Wednesday, July 04, 2007

Celebrate Liberty Right Here, Right Now

Along the lines of satya for an Independence Day Celebration:

"Meditation is really about freedom. It is first and foremost a liberative practice. It is a way of being that gives us back our life, and our happiness, right here, right now – that wrests it from the jaws of unawareness and habits of inattention and somnambulance that threatens to imprison us in ways that can be as painful, ultimately, as losing our outward freedoms. And one way it frees us is from continually making the same unwise decisions when the consequences of such are staring us right in the face and could be apprehended if only we would look, and actually see.

"For all these reasons, mindfulness can be a natural catalyst in deepening and broadening democracy, a democracy in which liberty is embodied not only in our rhetoric and in our laws and institutions and how they are implemented in practice, as important as that is, but also in our hard-earned wisdom as individual citizens, stemming from looking deeply into and feeling from inside our true nature, a wisdom that is embodied in our hearts and in our love for the interior landscapes of the mind and the heart. The more we become intimate with that landscape, the more we can participate effectively in society, in the appreciation of the beauty and unique potential of all of us.

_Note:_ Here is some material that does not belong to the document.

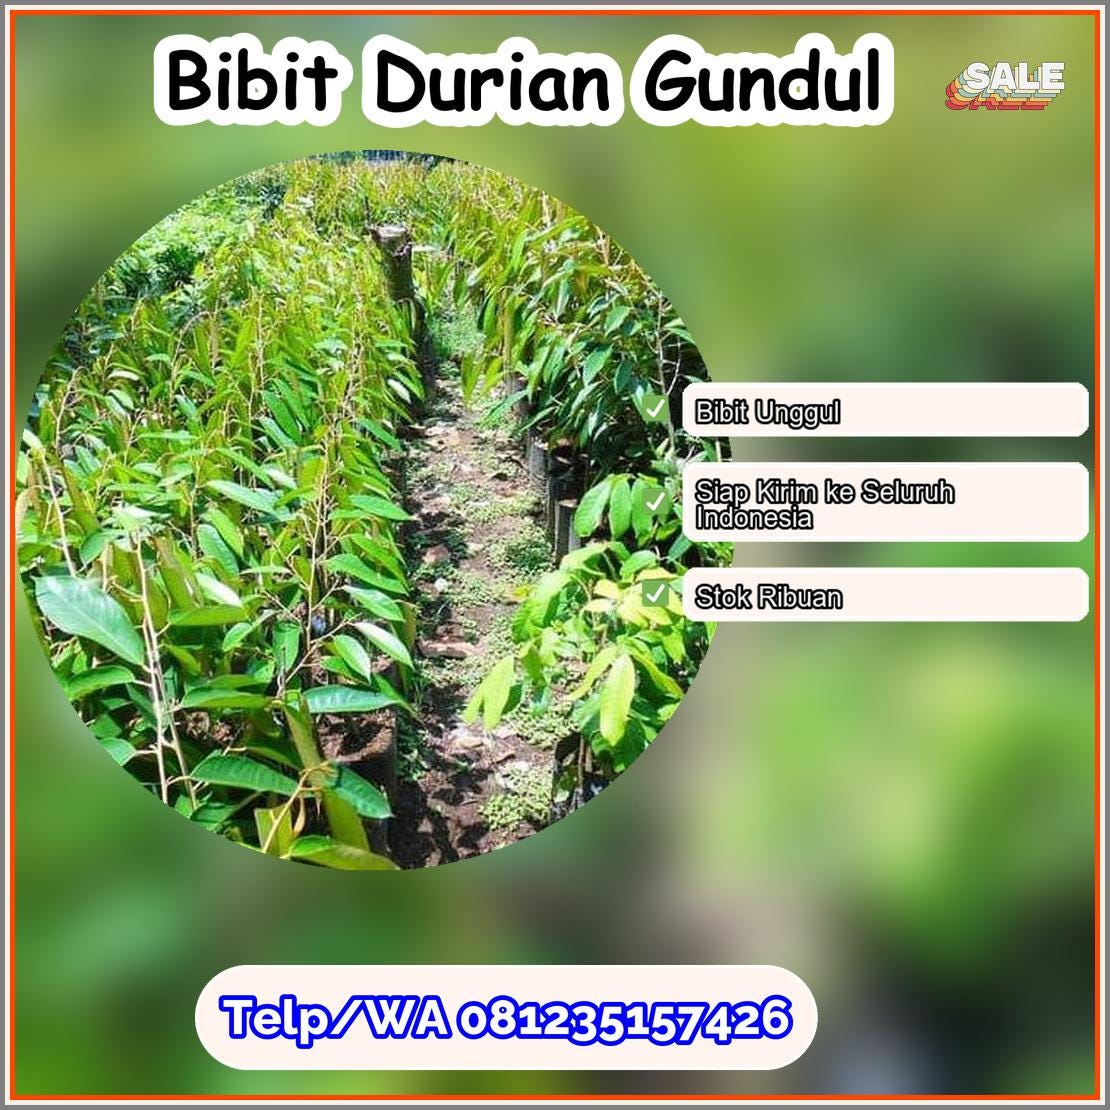 Grosir Bibit Durian Gundul Ogan Komering Ulu Timur
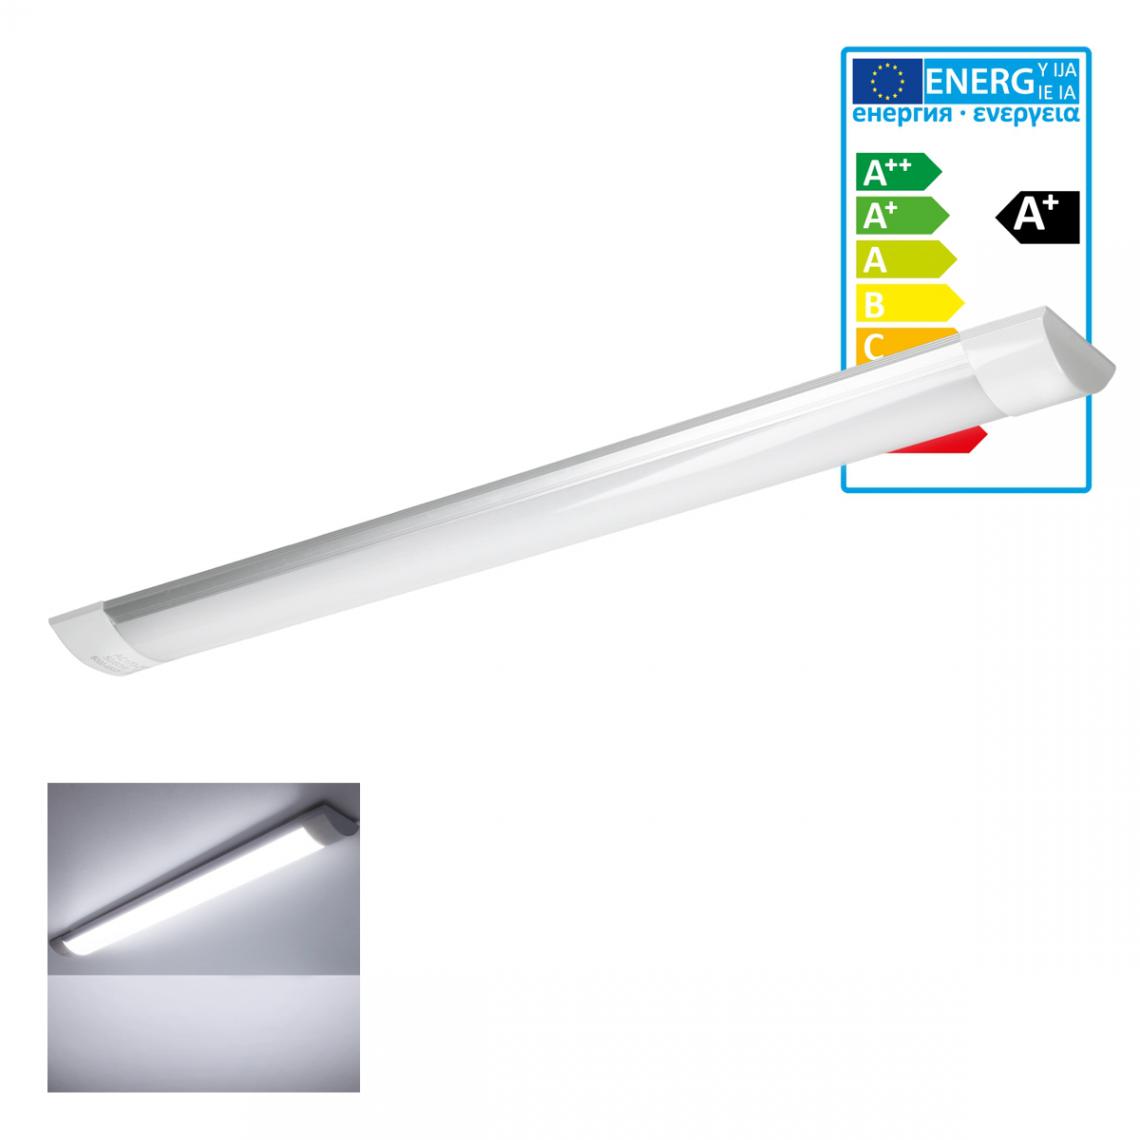 Ecd Germany - Set 10x LED batten tube plafond 18W 60cm blanc froid 220-240V en aluminium - Tubes et néons

The more people come to know this terrain, the more we will all benefit from sharing in a distributive wisdom and goodwill of mutual regard that can translate into healthier communities and a healthier society, and a nation that knows its priorities and lives them in the world with authentic and unwavering reverence and respect.

"That kind of liberty cannot know borders. If others are not free, then in a very real way, we cannot be completely free or at peace either, just as we cannot be completely healthy in an unhealthy world."

John Kabat-Zinn, Coming to Our Senses, pp. 566-68

And this from MLK:

"Power properly understood is nothing but the ability to achieve purpose. And one of the great problems of history is that the concepts of love and power have usually been contrasted as opposites – polar opposites – so that love is identified with a resignation of power, and power with a denial of love. We’ve got to get this thing right. What is needed is a realization that power without love is reckless and abusive, and love without power is sentimental and anemic. Power at its best is love implementing the demands of justice, and justice at its best is power correcting everything that stands against love. It is precisely this collision of immoral power with powerless morality which constitutes the major crisis of our time."